In this paper, we proposed a mobile video streaming scheme to reduce energy consumption and bandwidth usage in an LTE network. A prediction model of the user watching state was developed using machine learning, considering the influence of the user’s physical environment on user behavior. Afterwards, a download algorithm was introduced based on the UE running mode in the LTE system. The download strategies were adjusted according to the user watching state. When the state was stable, the UE running mode was LTE-IDLE for as long as possible to save energy, and the ON-OFF streaming strategy was used. When the state was unstable, the skip/quit operations occurred. The bitrate streaming strategy was used to minimize the download of unused data. The scheme was implemented in the VLC player on the Android platform, and the performance of the scheme was compared with that of the existing methods under three scenarios of video watching. The experimental results showed that our method was effective and performed best when the user touched the screen frequently.

Considering the physical environment, this paper studied on-demand downloading of online video data, mainly concerning MP4 file transfer under the HTTP/1.1 protocol, in which data are actively requested according to user’s needs.

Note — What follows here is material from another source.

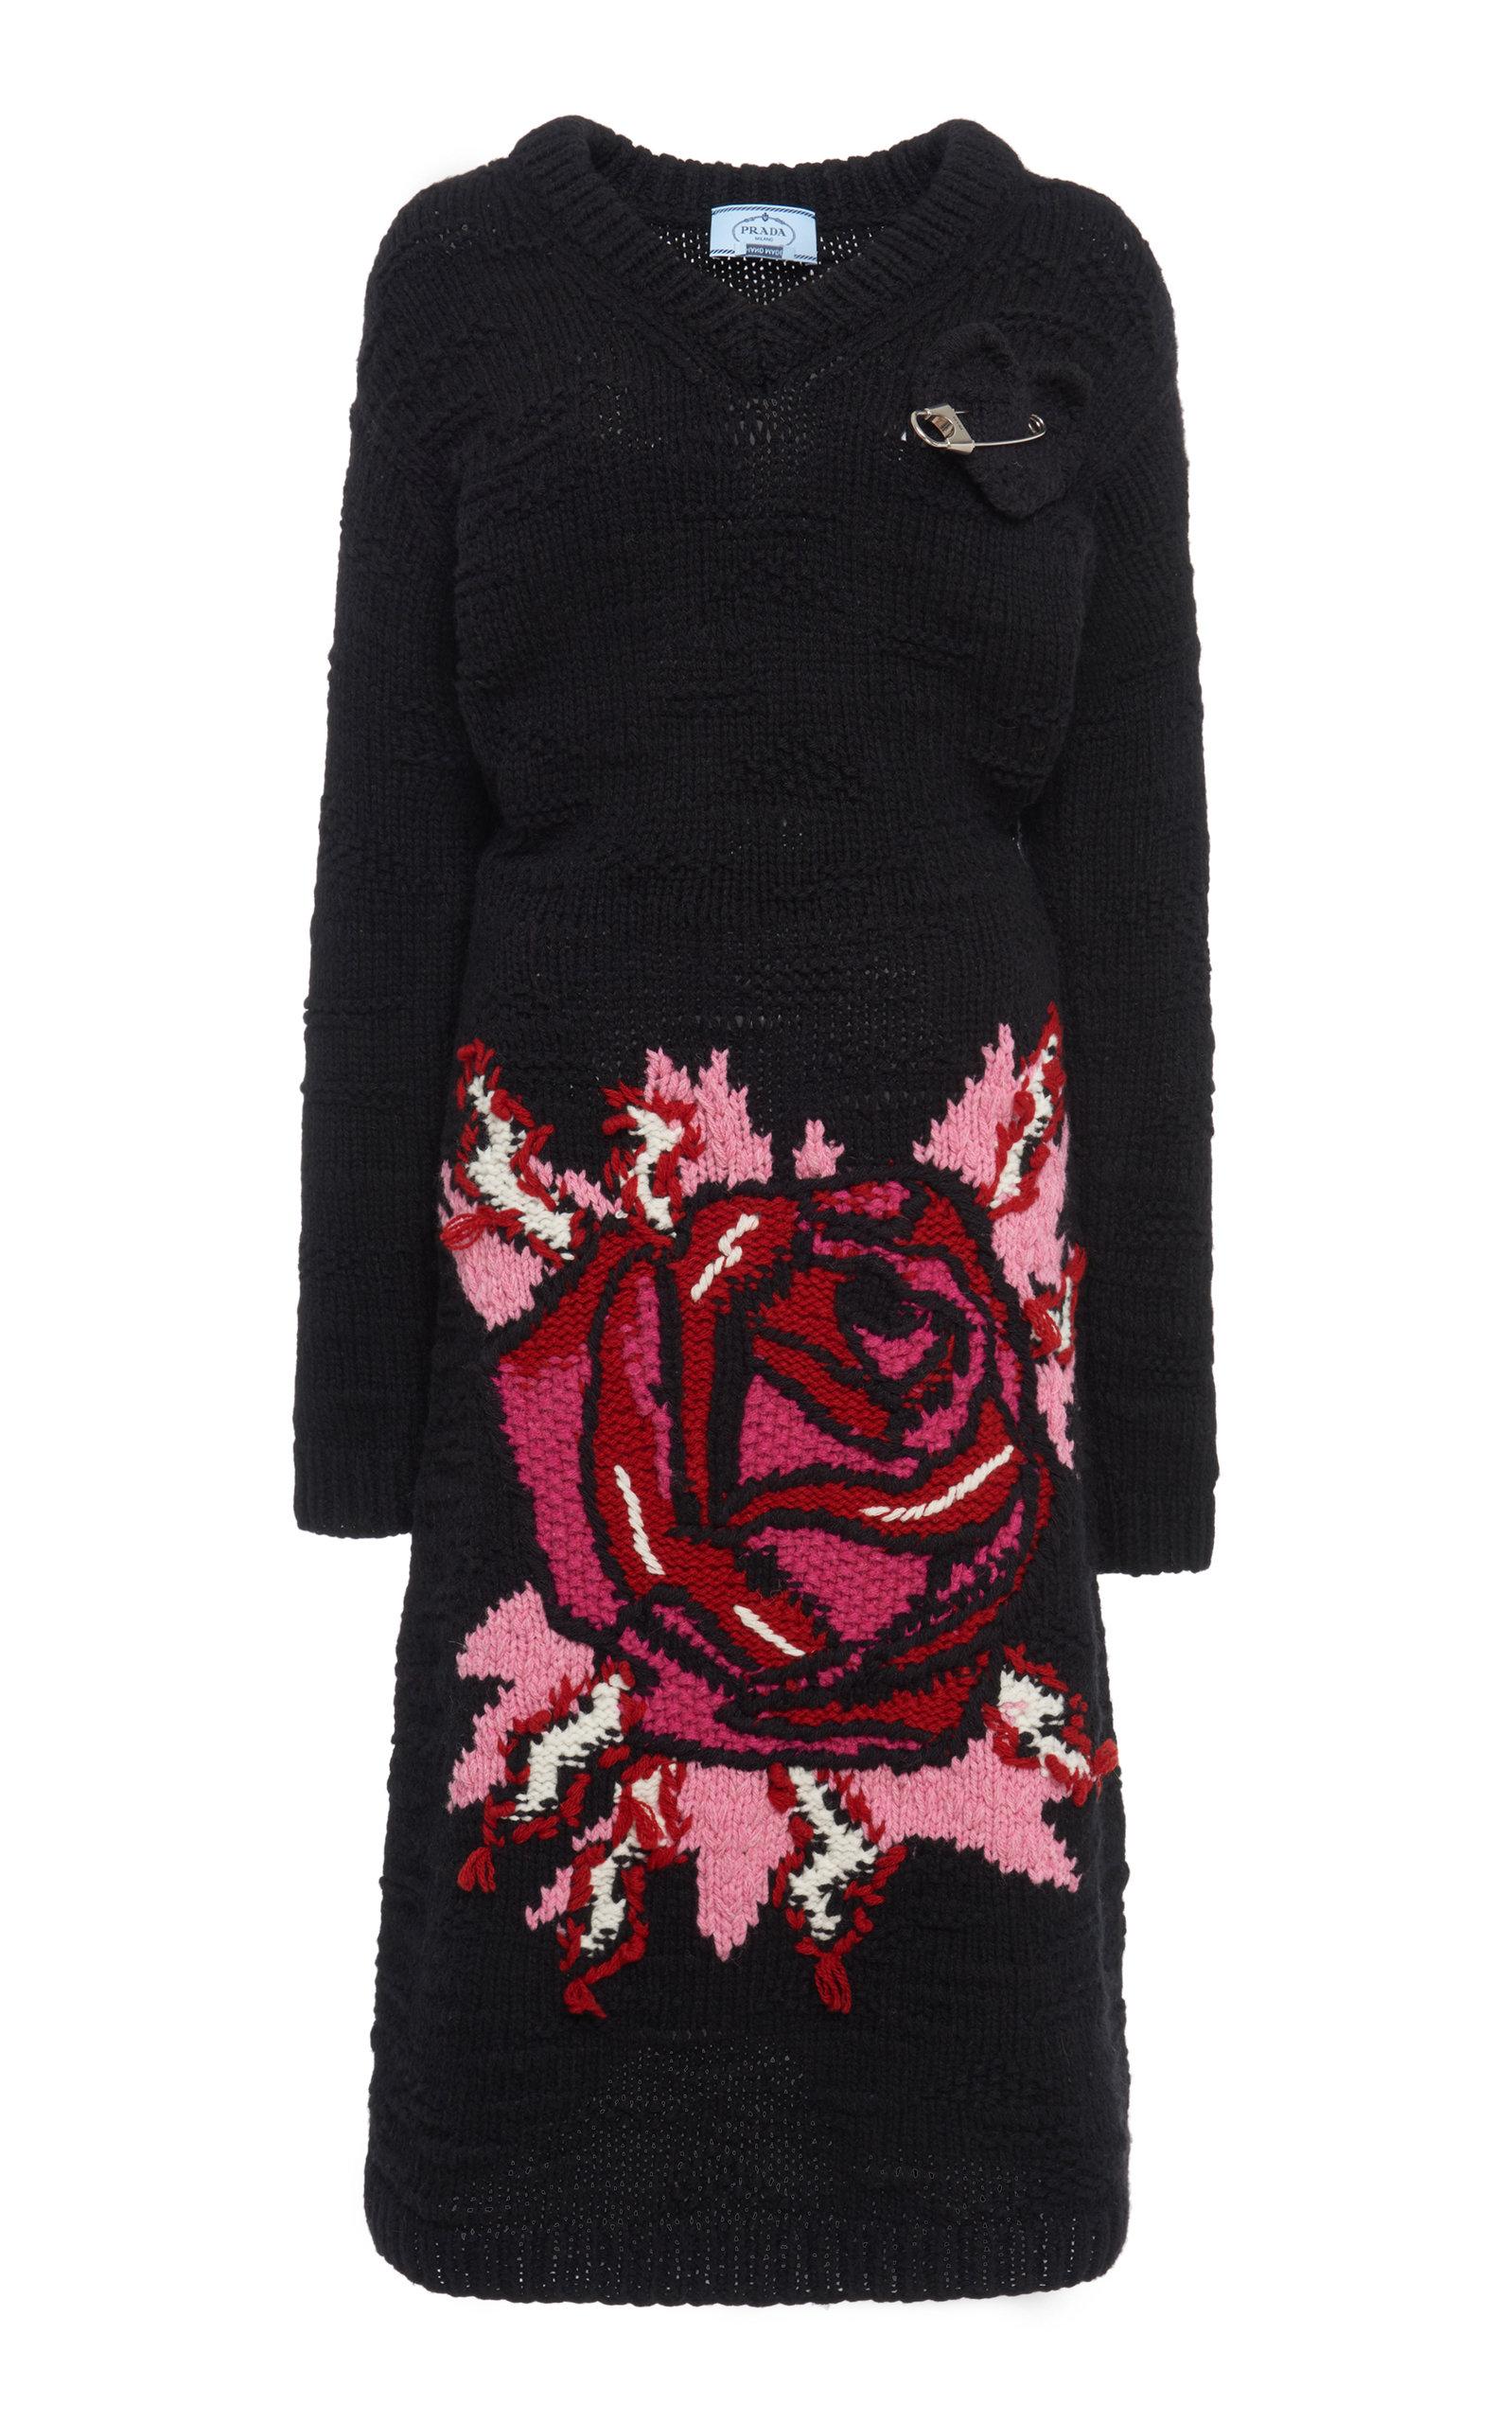 Buy Prada Embellished Intarsia-Knit Wool Midi Dress online, shop Prada at the best price

Recently, delivery-level research on HAS over HTTP/2 has received increasing attention. Switching between the ON-OFF streaming strategy and the bitrate streaming strategy is also suitable for HTTP/2-based adaptive streaming. The switching strategy can be applied to the dynamic server push strategy to determine the push number of HTTP/2-based adaptive streaming. Therefore, future research will focus on how to provide cost-effective HTTP/2-based adaptive streaming through the environment-aware watching state prediction. In the meantime, detailed video information affecting user’s viewing state prediction, such as the way of video production, the difficulty of video courseware, and the chroma characteristics of the video, was not taken into account in our research. It can be analyzed and added in the follow-up study to achieve more accurate user watching state prediction.